Proxy ARP: A technique where a router on one network responds to ARP requests for IP addresses that are on another network. The router effectively "lies" and provides its own MAC address, acting as a proxy for the remote hosts. When it receives the packet, it then forwards it to the real destination. It's a way to connect two physical networks without changing IP addressing schemes, but can be complex to manage.
Gratuitous ARP: This is an ARP message that is sent by a host without being prompted by an ARP request. The host sends a broadcast ARP Reply (or Request) for its own IP address. This serves two main purposes:
- IP Conflict Detection: When a device gets a new IP address, it sends a gratuitous ARP. If another device on the network replies, it means that IP address is already in use, and the device will report an IP address conflict error.
- Updating Caches: If a device changes its network card (and thus its MAC address) but keeps its IP address, it can send a gratuitous ARP to instantly update the ARP caches of all other devices on the network, ensuring they now send data to the new MAC address. This is also vital in high-availability systems where a backup server takes over the IP address of a failed primary server.

ARP and Network Security

The simplicity and trust-based nature of ARP make it vulnerable to a significant security threat known as ARP Spoofing or ARP Poisoning. Since devices on a network blindly trust ARP replies, a malicious attacker can send forged ARP replies.

For instance, an attacker could tell the default gateway that the attacker's MAC address corresponds to your computer's IP address.
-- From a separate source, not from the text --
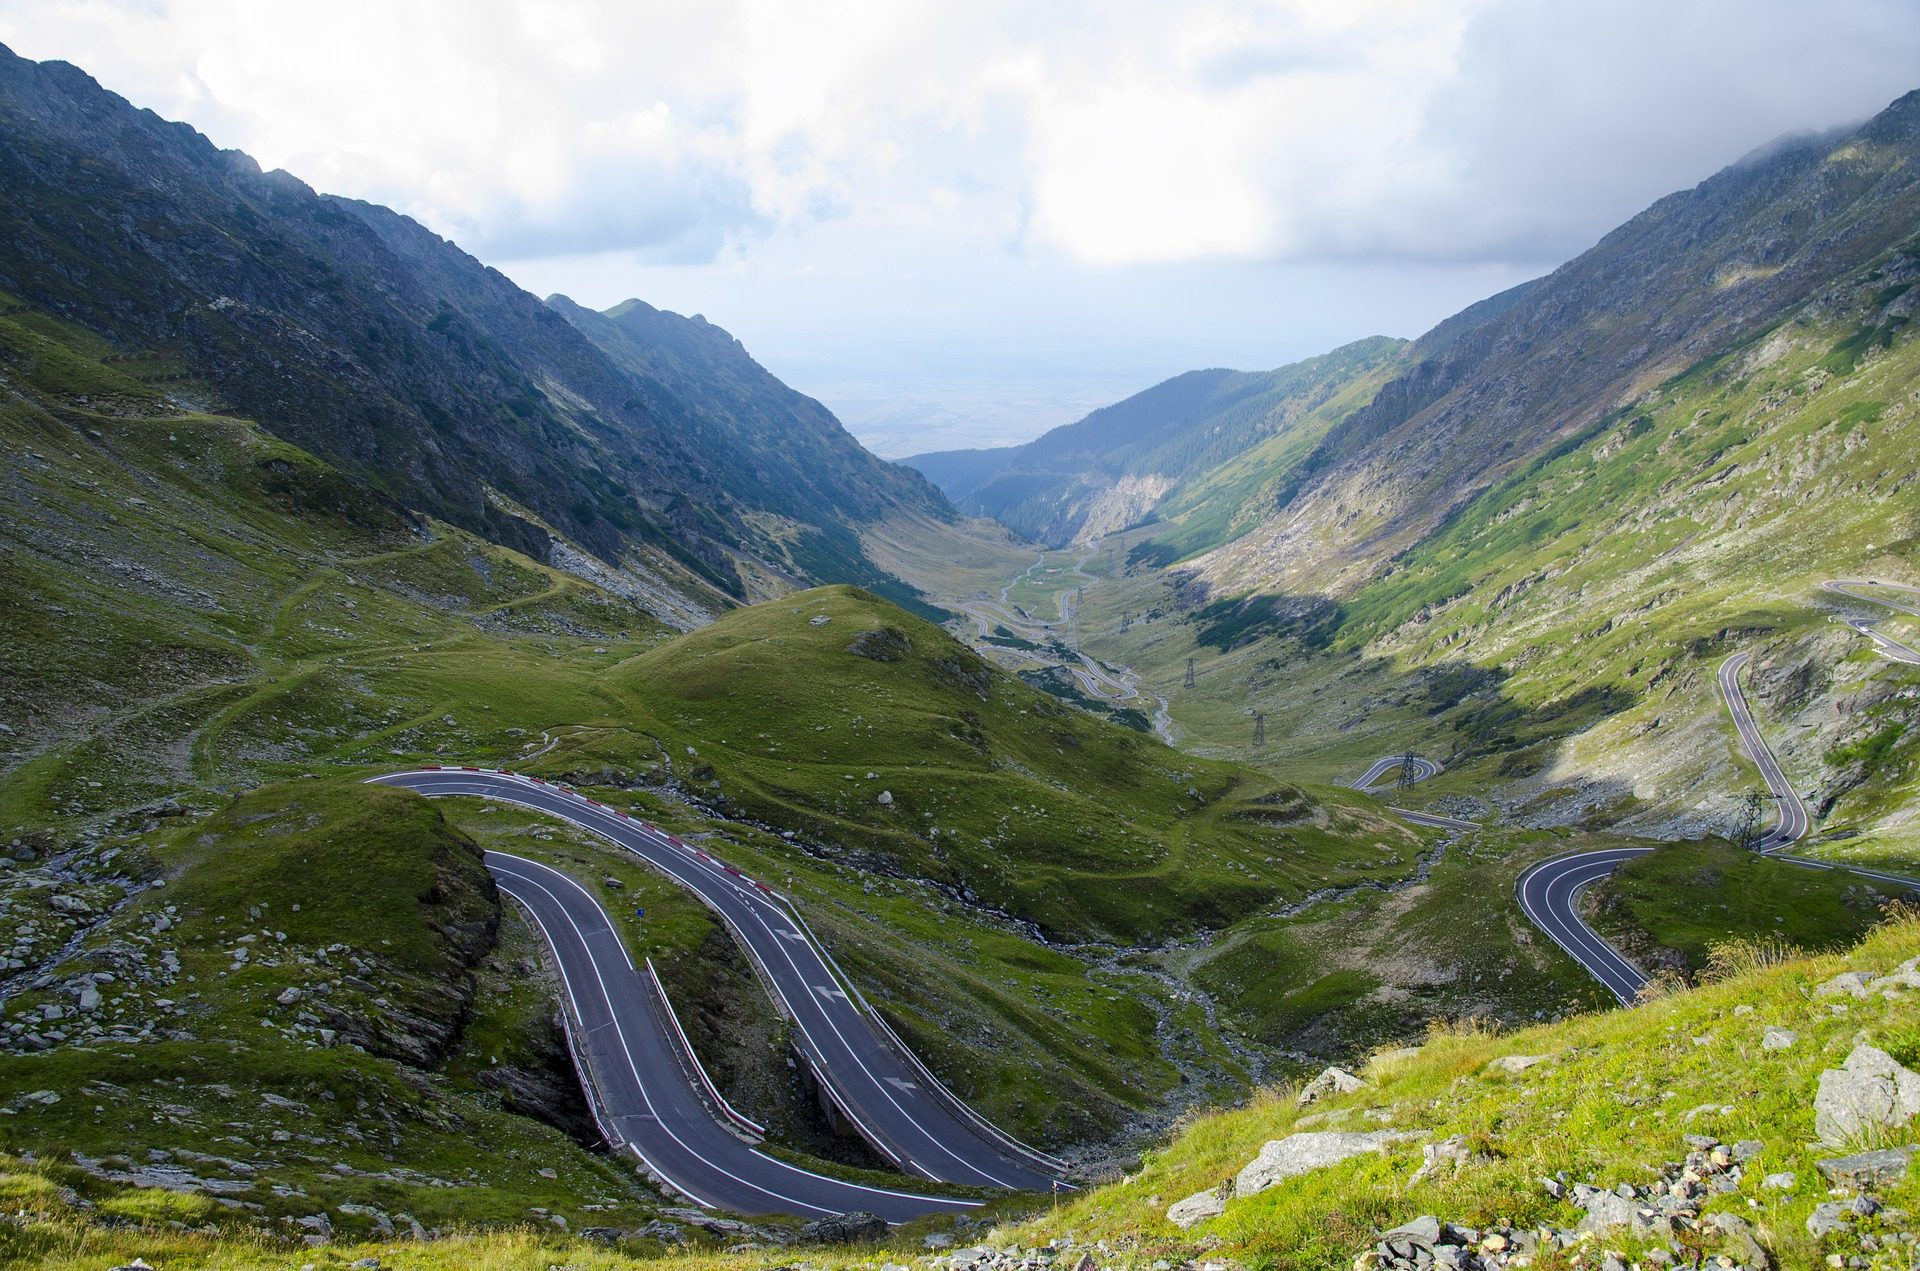 montagne, carretera, curve, Viaggi, viaggio, cStrada- Sfondi HD - Professor-falken.com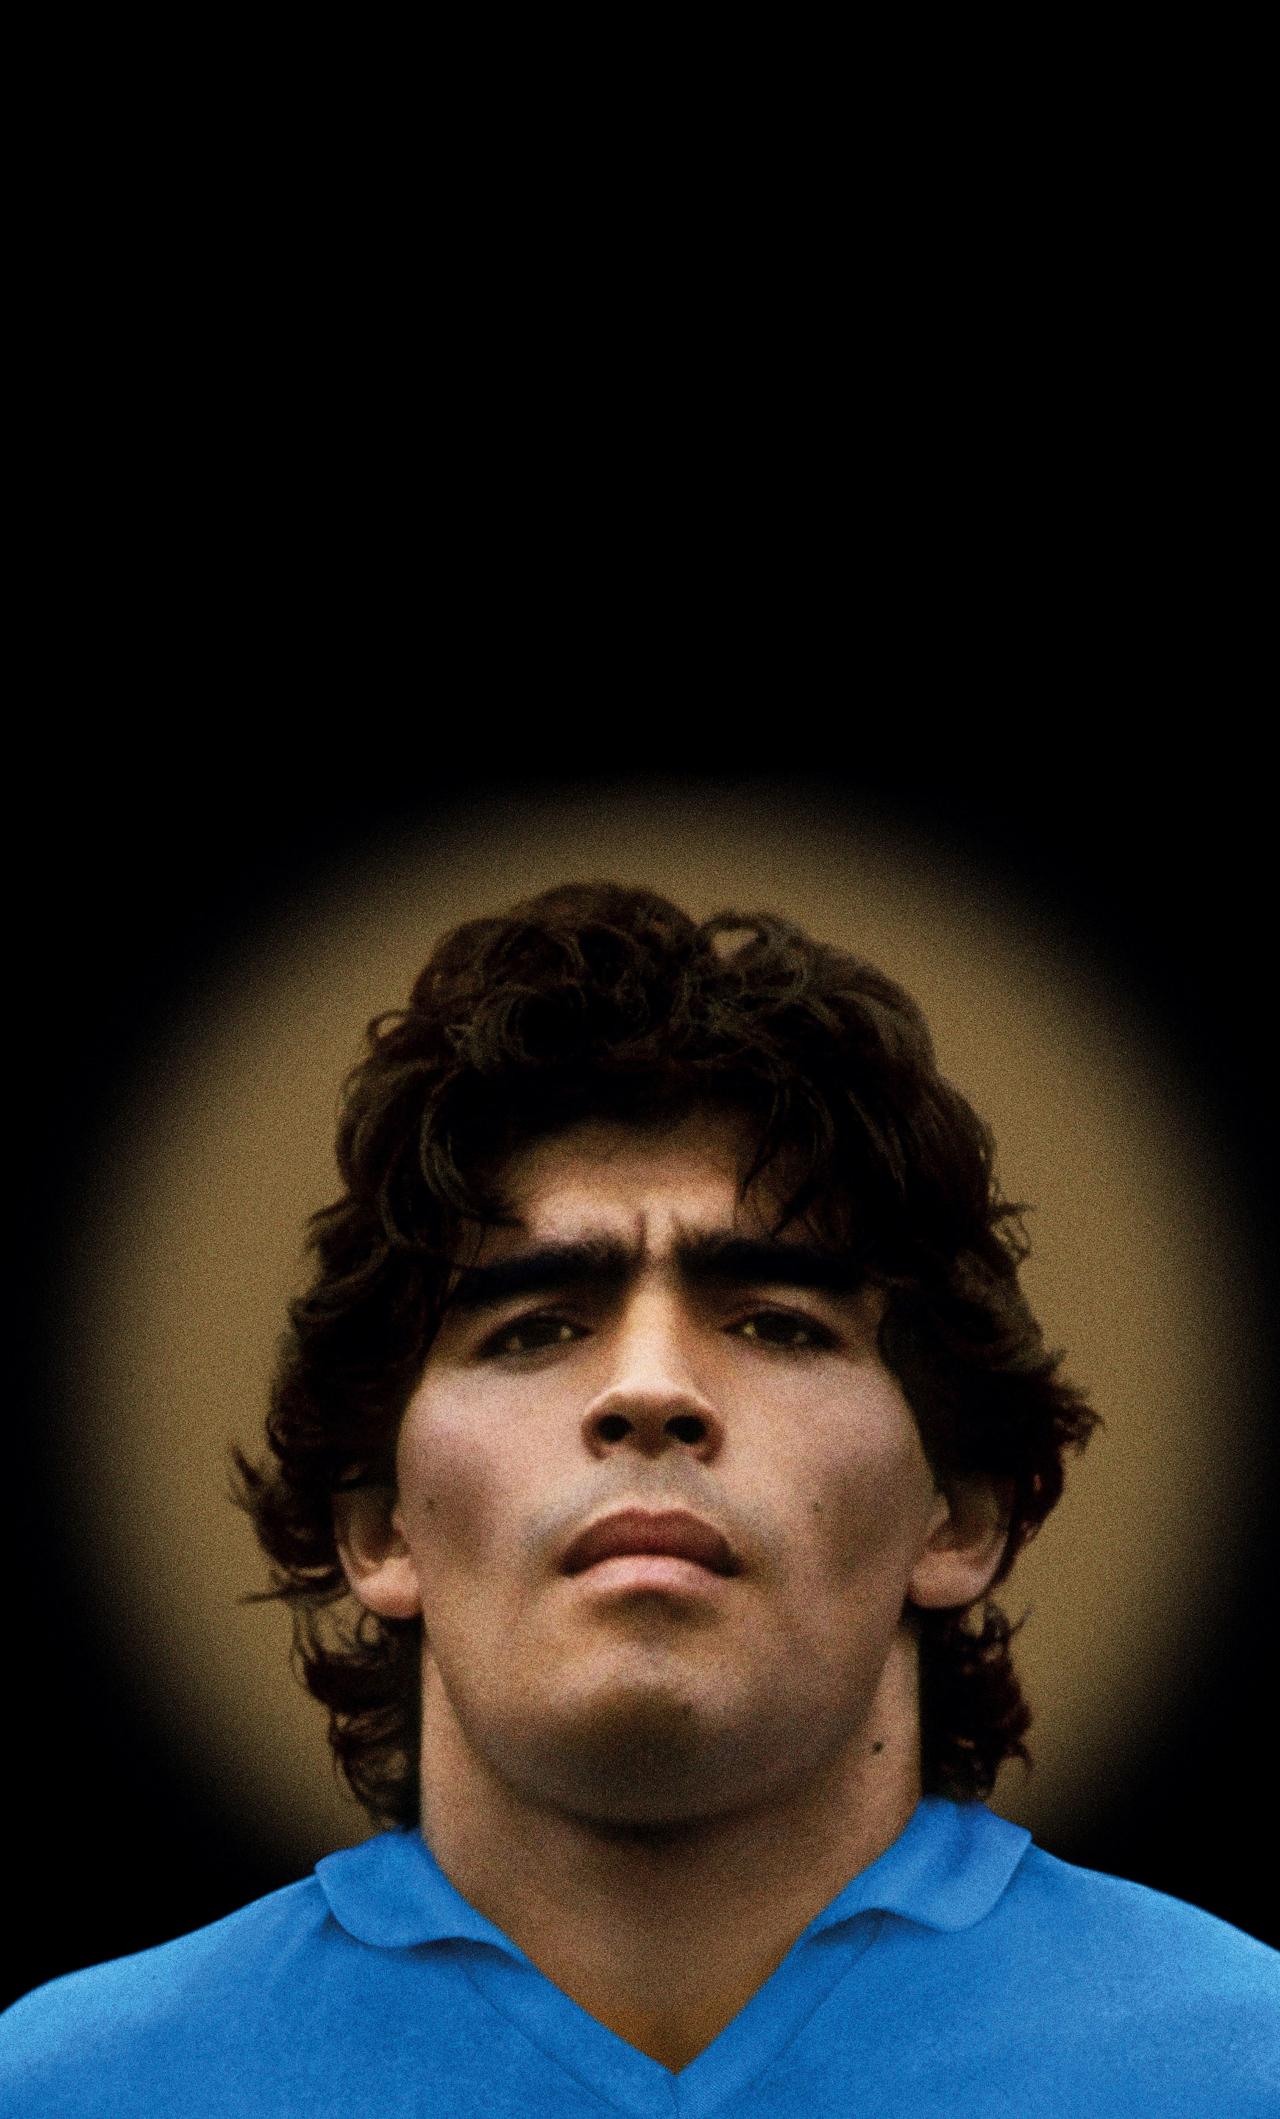 Hd Wallpaper Diego Maradona Asif Kapadia 1324916 Hd Wallpaper Backgrounds Download

At the same time, the attacker could tell your computer that the attacker's MAC address belongs to the default gateway. This places the attacker's machine right in the middle of all your internet traffic, allowing them to eavesdrop, modify, or block your data in what's known as a Man-in-the-Middle (MitM) attack. Various security mechanisms are used to mitigate this risk.

The End of an Era: ARP's Role in IPv6

With the introduction of IPv6, the ARP protocol was officially retired. Its functions have been completely replaced by a more comprehensive and efficient suite of protocols integrated into ICMPv6, known collectively as the Neighbor Discovery Protocol (NDP).

NDP performs address resolution (the core function of ARP) but does so using more efficient multicast messages instead of broadcasts, and it also handles other critical functions like router discovery, prefix discovery, and address autoconfiguration. While the problem of resolving a Layer 3 address to a Layer 2 address still exists, the protocol used to solve it in the modern IPv6 world is entirely new.